Programming language for writing smart contracts


It's good to use solidity. There are several languages available to write smart contracts: a bit like JavaScript solidity, the file extension is. Sol. And Python close to the serpent, with the file name ending with. SE. There are also lll like Lisp. Serpent has been popular for some time, but now the most popular and most stable to be considered solidity, so with solidity good. I heard you like python? With solidity.


Solc compiler. After writing a smart contract with solidity, you need to compile it with SOLC. It is a component from the C + + client implementation (again, different implementations are complementary), here is the installation method. If you do not want to install SOLC you can also use the browser-based compiler directly, such as solidity real-time compiler or Cosmo. The section on programming later assumes that you have installed the SOLC.

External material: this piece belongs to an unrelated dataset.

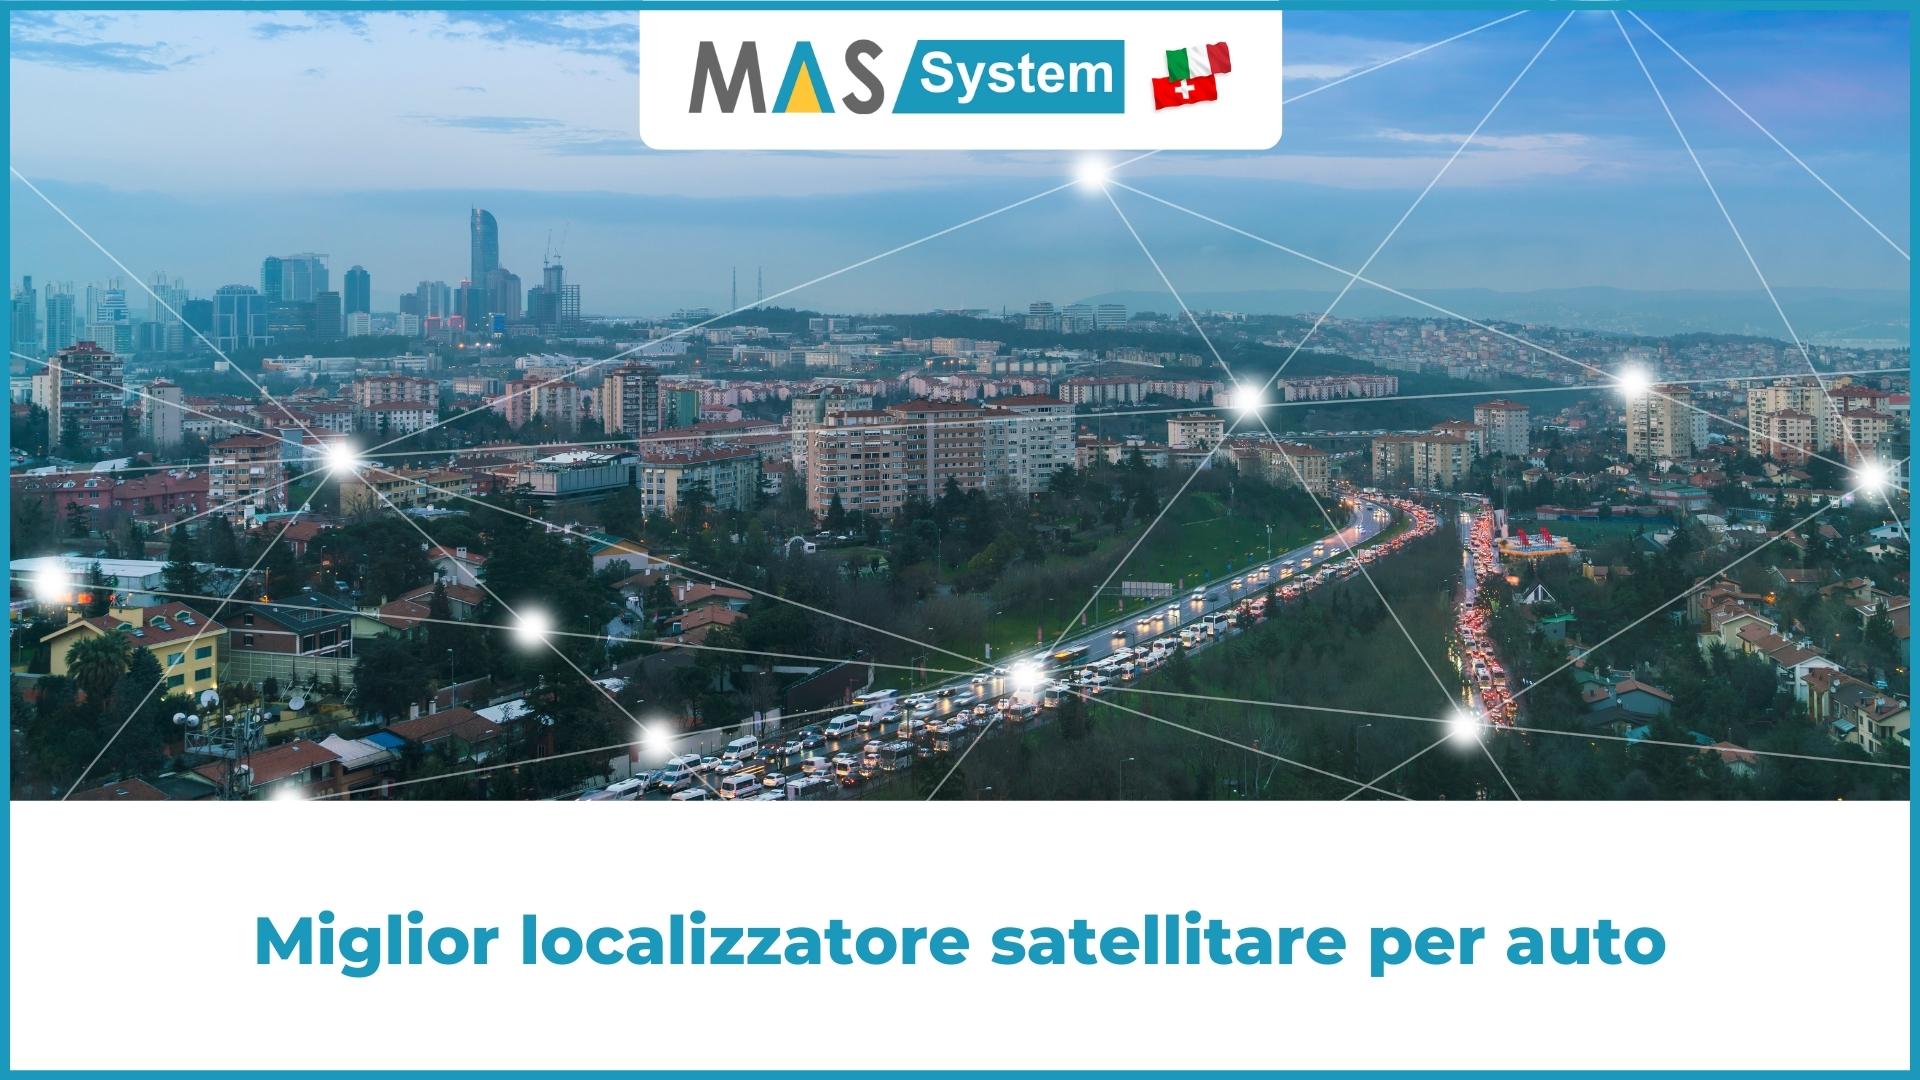 Miglior localizzatore satellitare per auto | Mas System
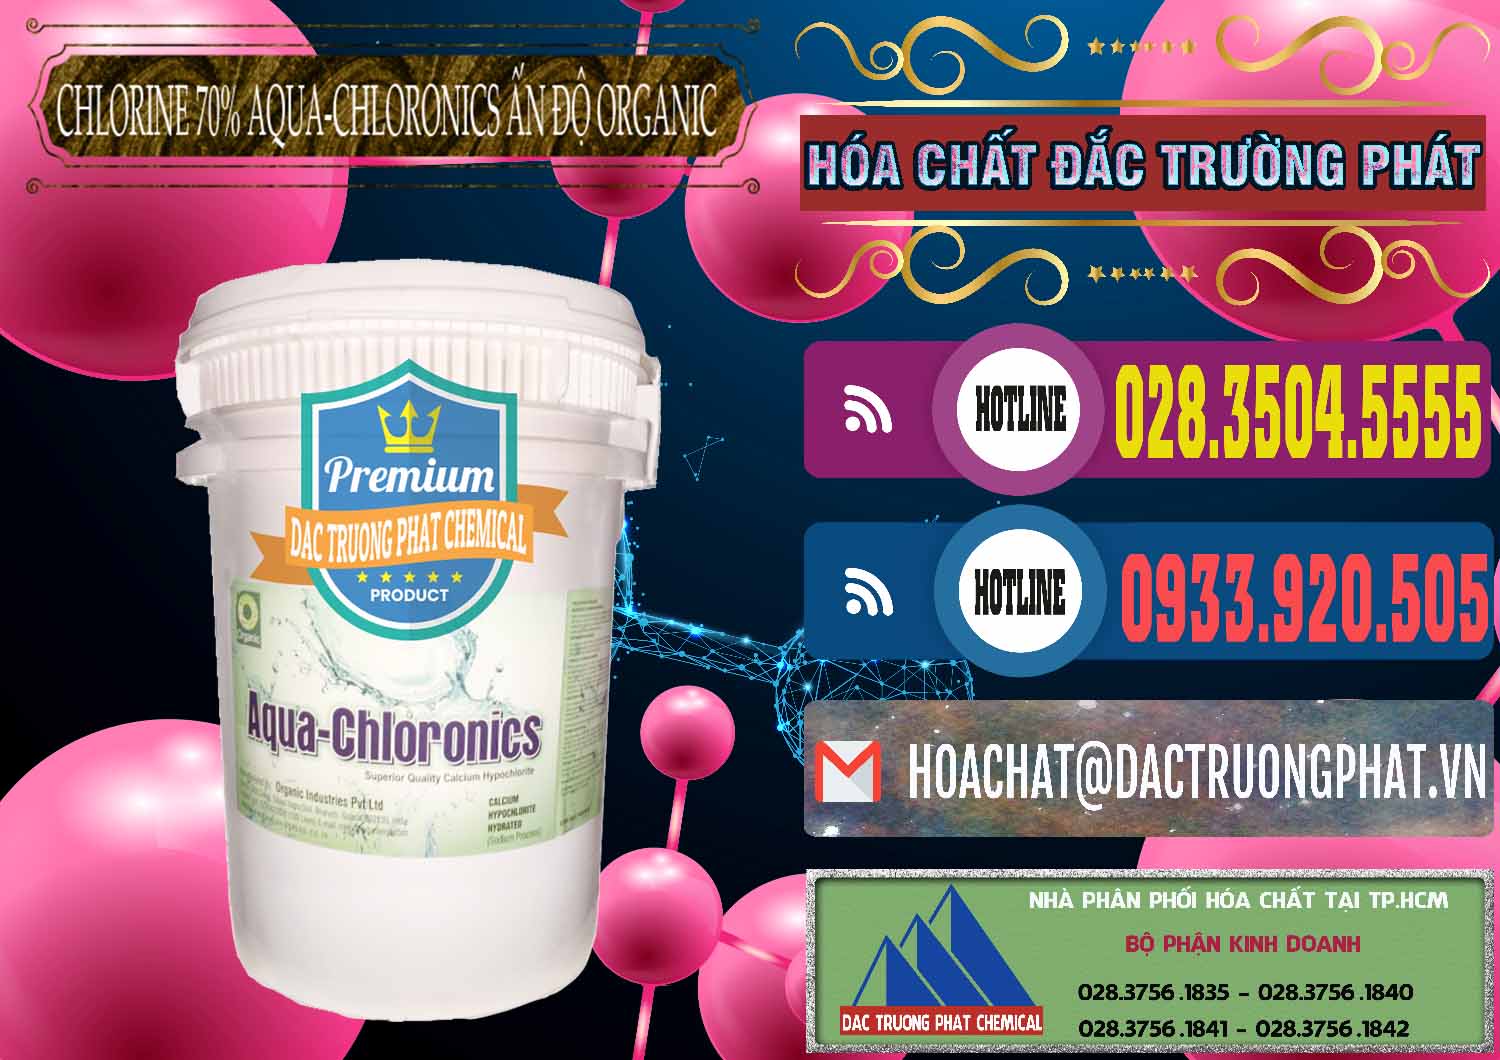 Cty chuyên cung ứng - bán Chlorine – Clorin 70% Aqua-Chloronics Ấn Độ Organic India - 0211 - Cty phân phối & bán hóa chất tại TP.HCM - muabanhoachat.com.vn

Note: The digital currency is in active development, and sometimes the new version will be out of sync. Make sure you're using the latest dev version, or a stable version. If you have a problem, you can go to the gitter chat room or forums.ethereum.org on the digital currency project and ask what version the other person is using.


Web3.js API. Once the solidity contract is compiled and sent to the network, you can use the Web3.js JavaScript API of the digital currency to invoke it and build a Web application to interact with.


These are the basic tools needed to write smart contracts on digital currencies and build dapp that interact with them.